It is a tough sell to the public to argue GPs should be given money for reducing emergency admissions. The first shots have already been fired by the Daily Mail, which suggested that practices stood to gain £30,000 for meeting certain targets.
Indeed, this £30,000 figure has been floating around the health press for the past six months. There is basis for the calculations – the premium will be worth an estimated £5 per patient and the average practice has 6,000 patients.
But this is simply not correct. As the Government’s commissioning czar Dame Barbara Hakin told Pulse, CCGs will not be able to pass these payments directly to member practices.
The payments must be ploughed back into programmes to improve patient care and the NHS Commissioning Board must be satisfied that it does indeed improve patient care.
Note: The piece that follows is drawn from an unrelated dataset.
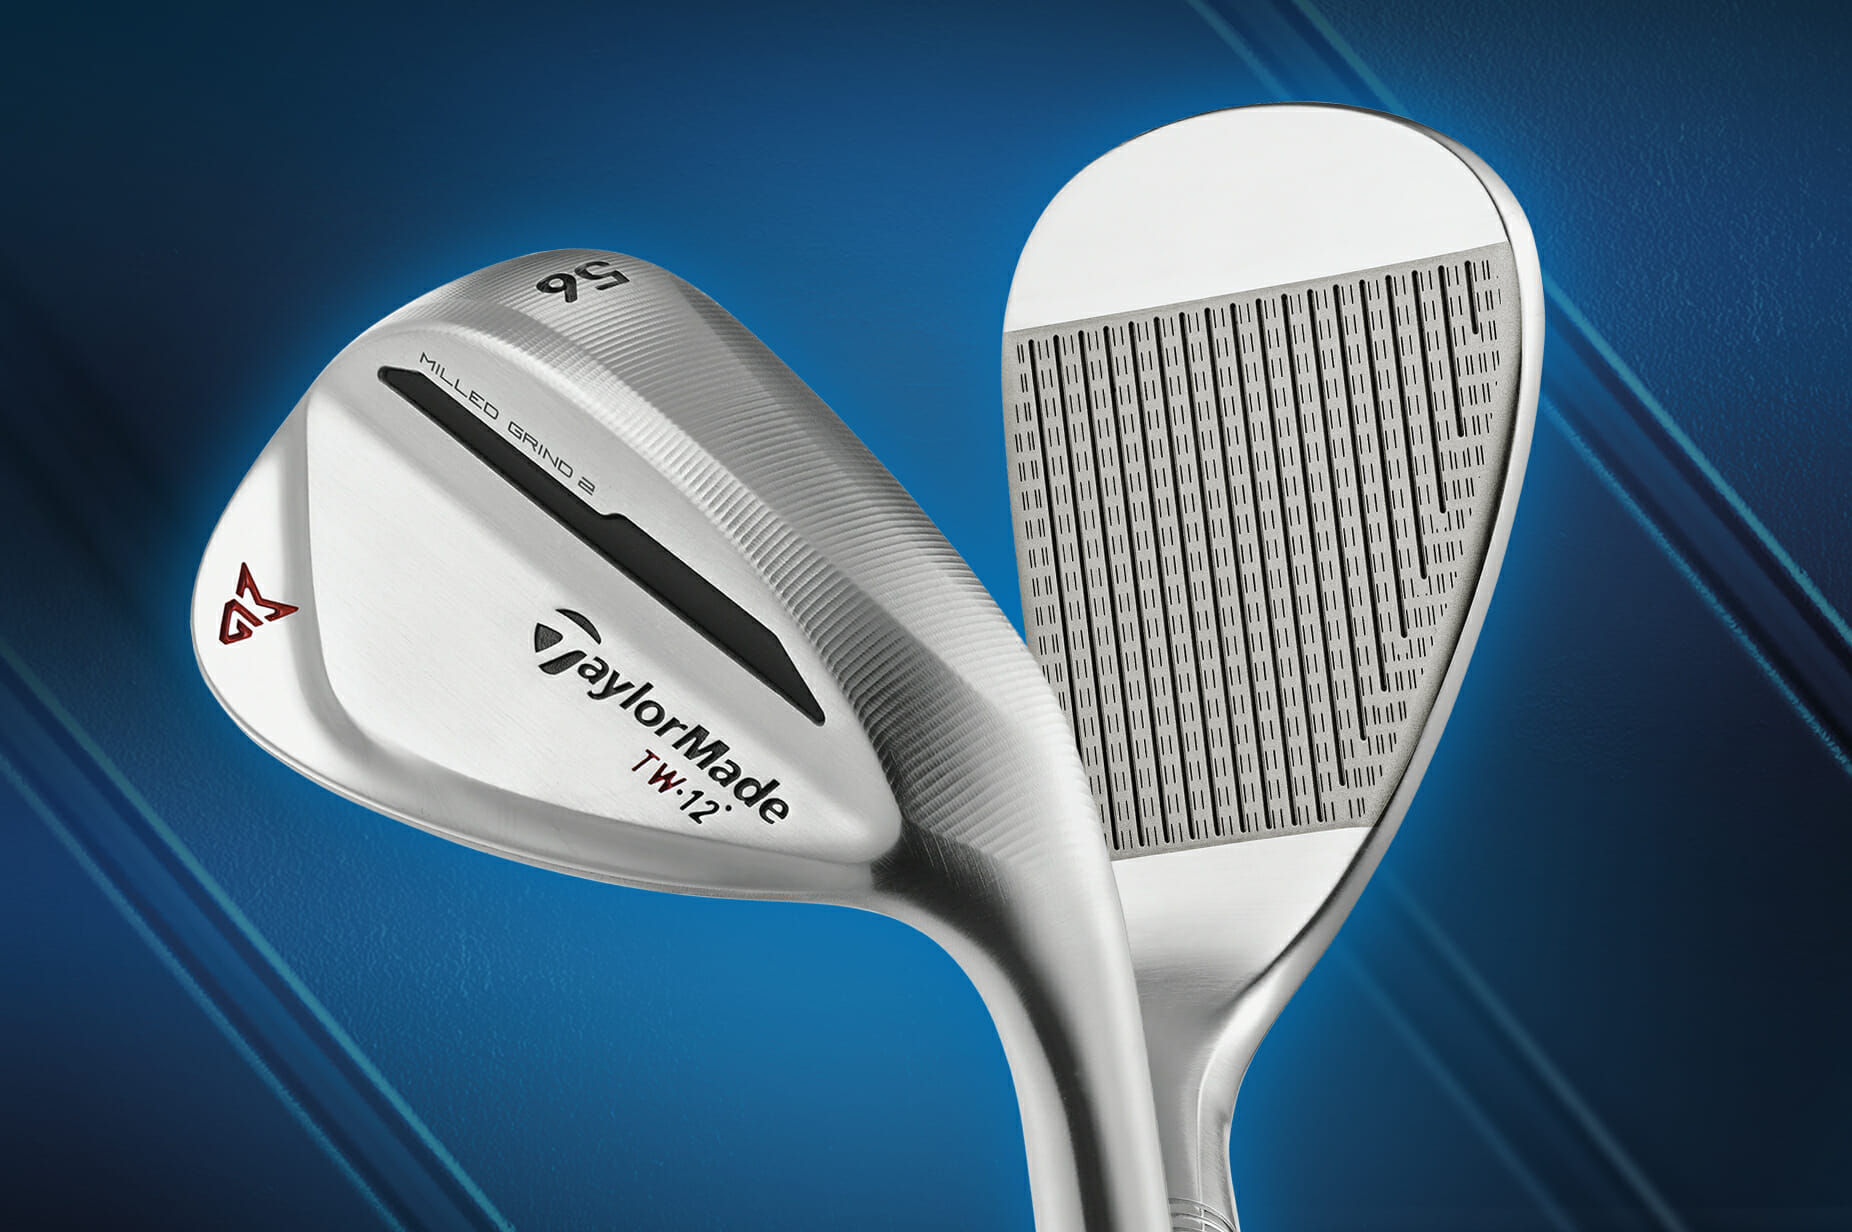 Special edition Tiger wedge added to Taylormade’s MG2 line-up

These programmes do include incentive schemes for meeting targets in specific areas, such as diabetes care, and potentially more controversially for reducing prescribing and referrals. This is very different to payments being given wholesale to practices.
This could be seen in a negative light, in that practices will have to work harder for this new source of income.
However, it will combat the impression that GPs are being given a ‘bonus’ and could help it pass the ‘Daily Mail’ test. By clarifying the position, Sefton LMC chair Dr Andrew Mimnagh also says the Board has made a positive step.
But there are still concerns with the premium – that it will disadvantage CCGs in deprived areas and that the requirement for financial balance will lead to perverse incentives for commissioners. What impression will patients have if they are aware that their GP is being given additional money to reduce their referrals? These kind of schemes could once again harm public perceptions of the premium.
But at least many GPs will welcome greater clarity on how the system will work as they prepare to take on the commissioning reins in less than three months.